*Instructions to follow*: Take from the entries below the stretch from the line with "Wofoo Social Enterprises" through the line with "food truck illustration vector", and return it exactly, leaving the pictures out.

*Provided data*:
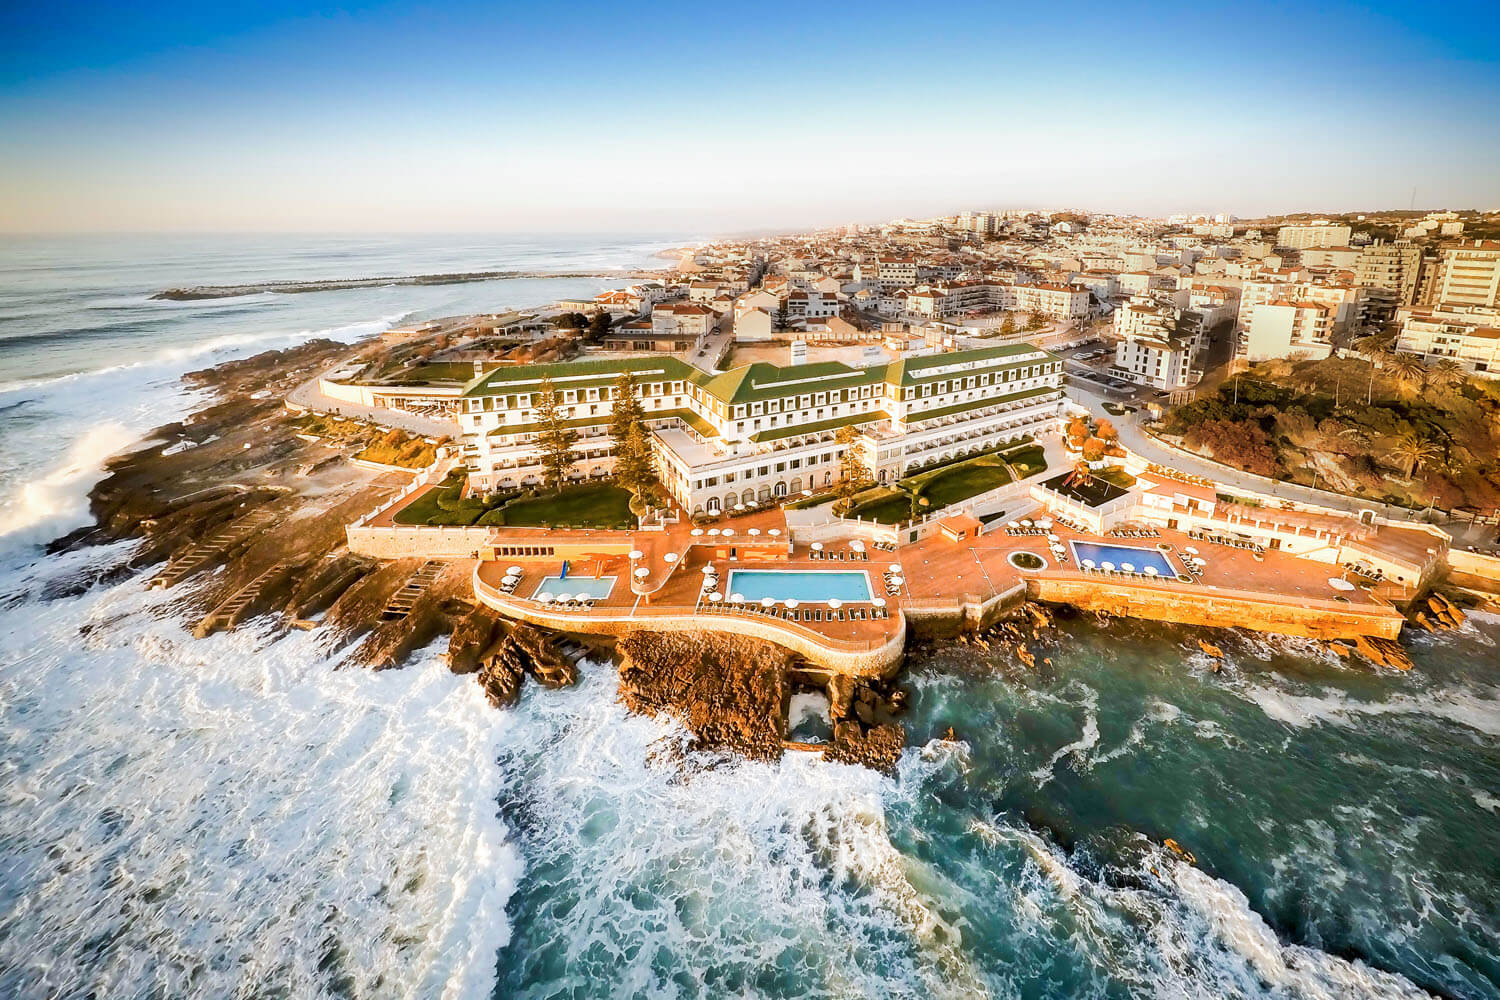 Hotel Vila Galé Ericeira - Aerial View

...

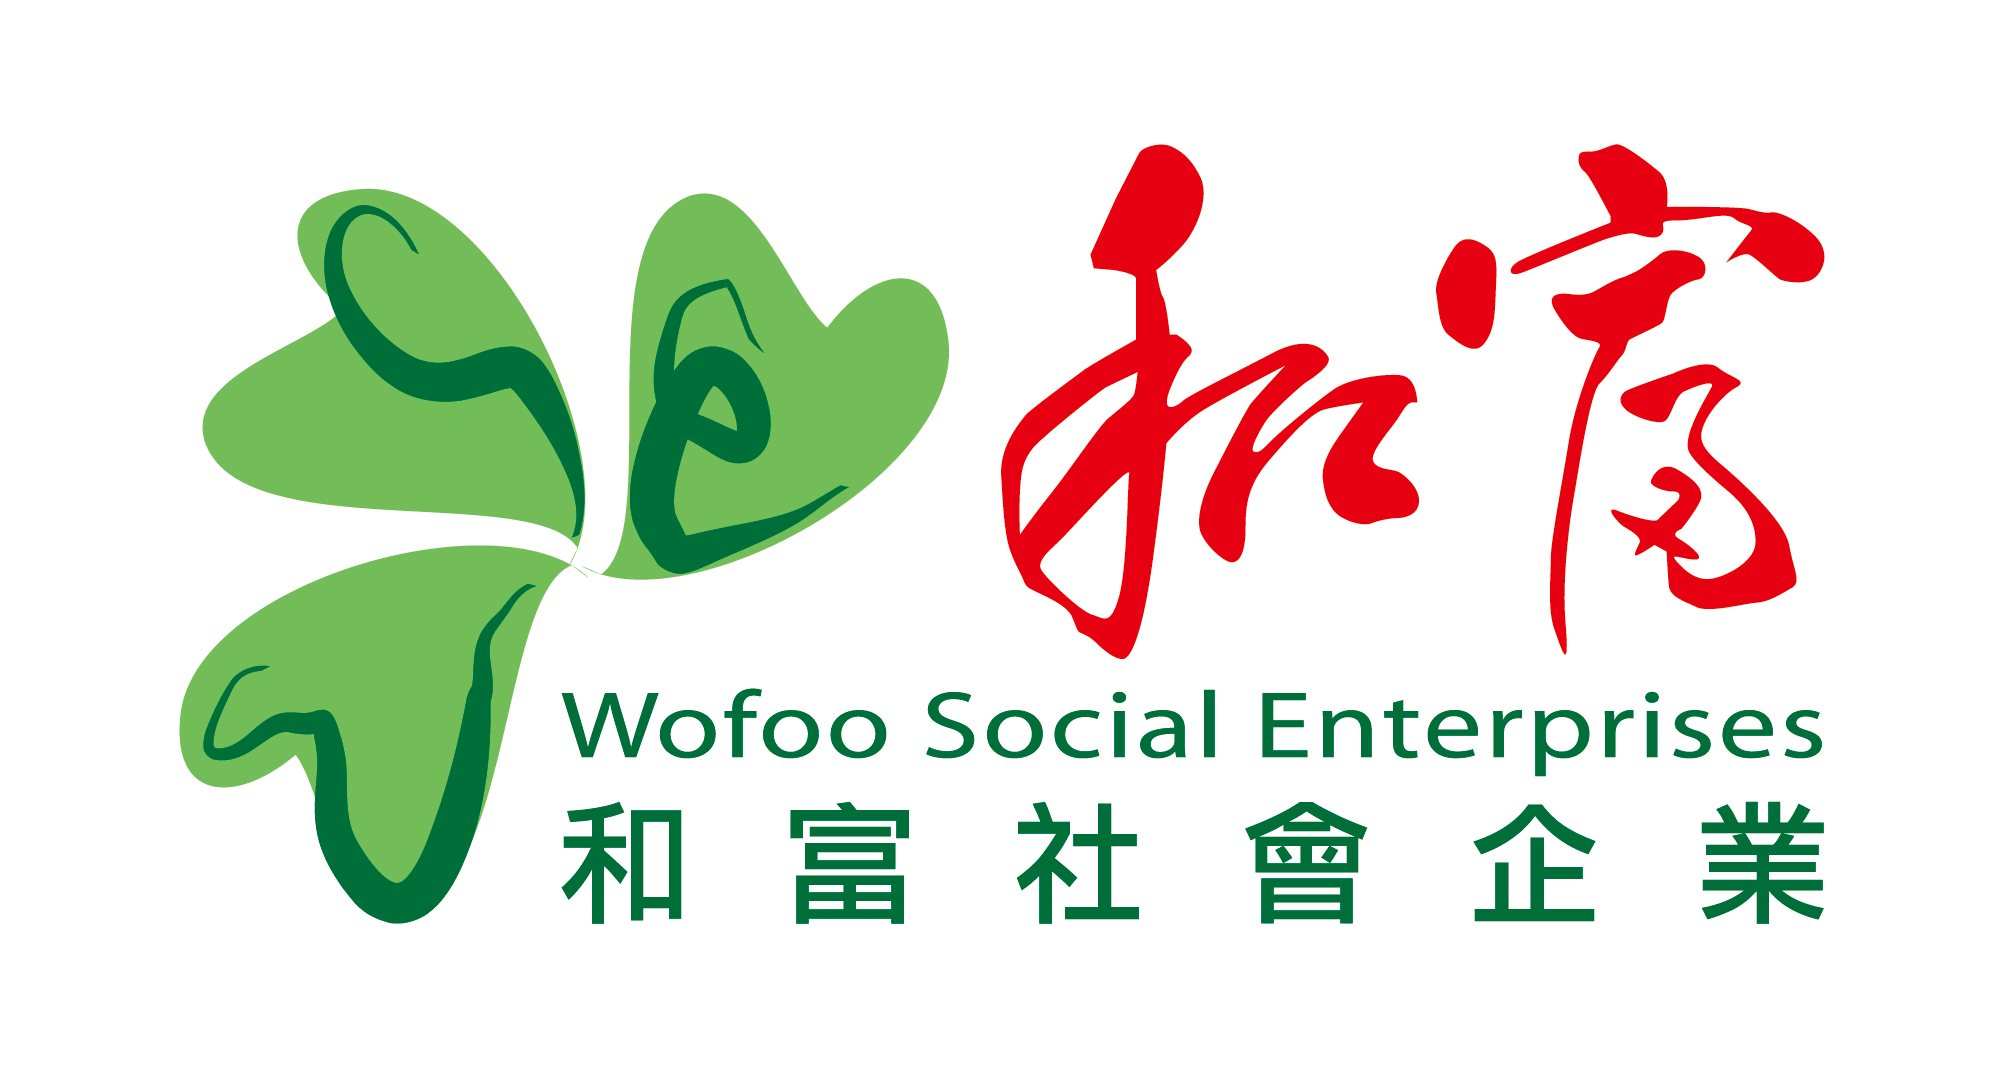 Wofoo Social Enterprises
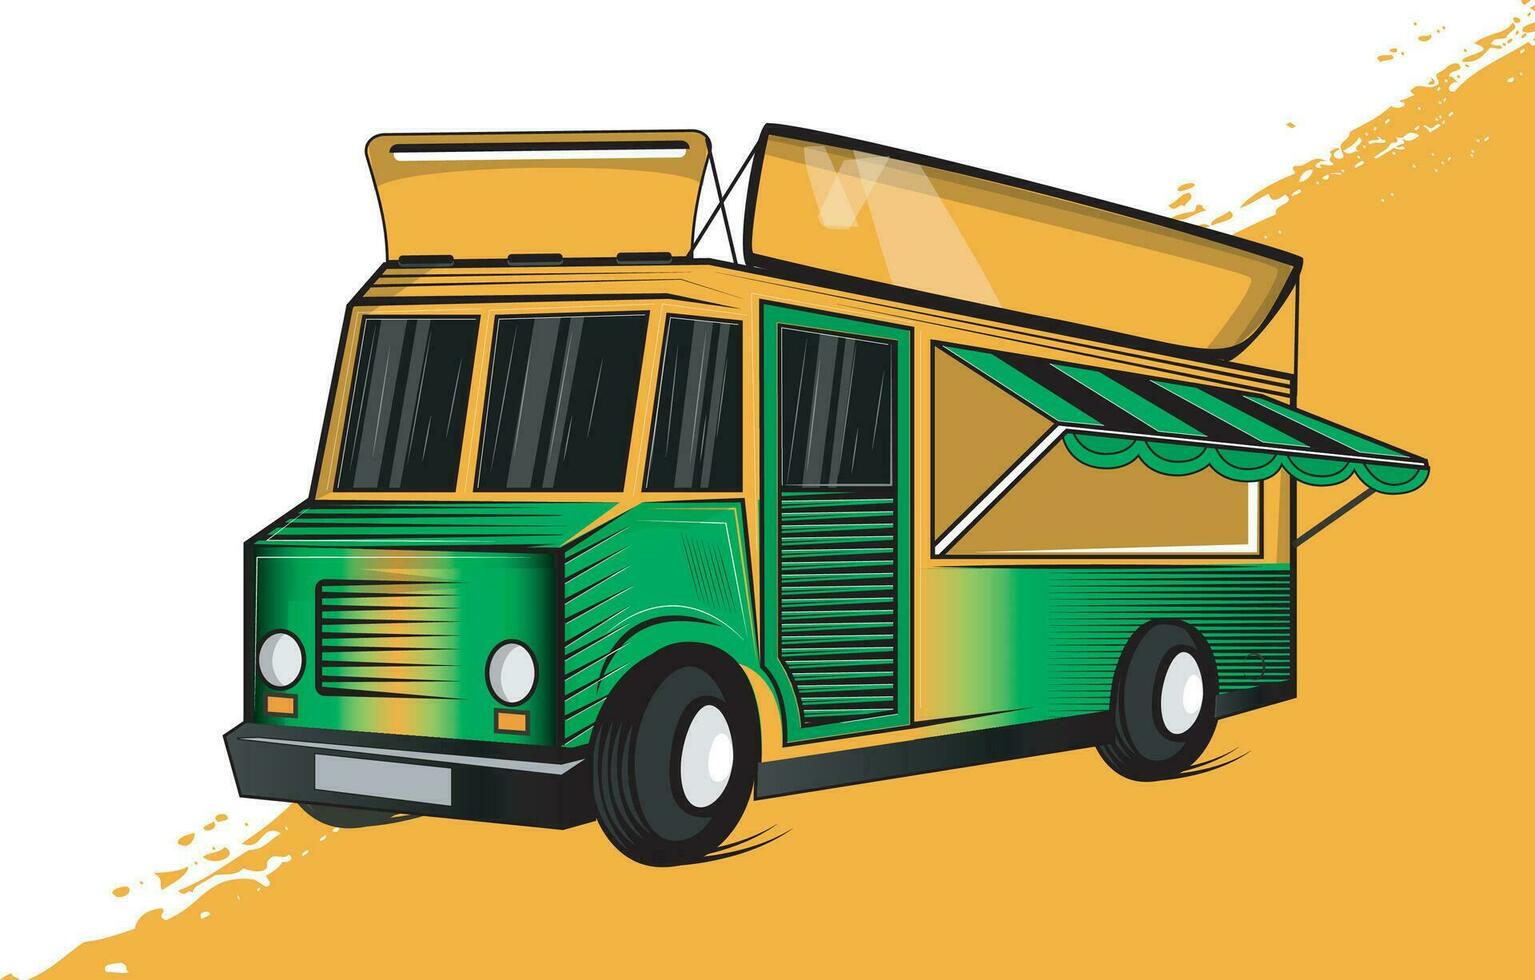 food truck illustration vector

*Answer space*:
 Wofoo Social Enterprises
 food truck illustration vector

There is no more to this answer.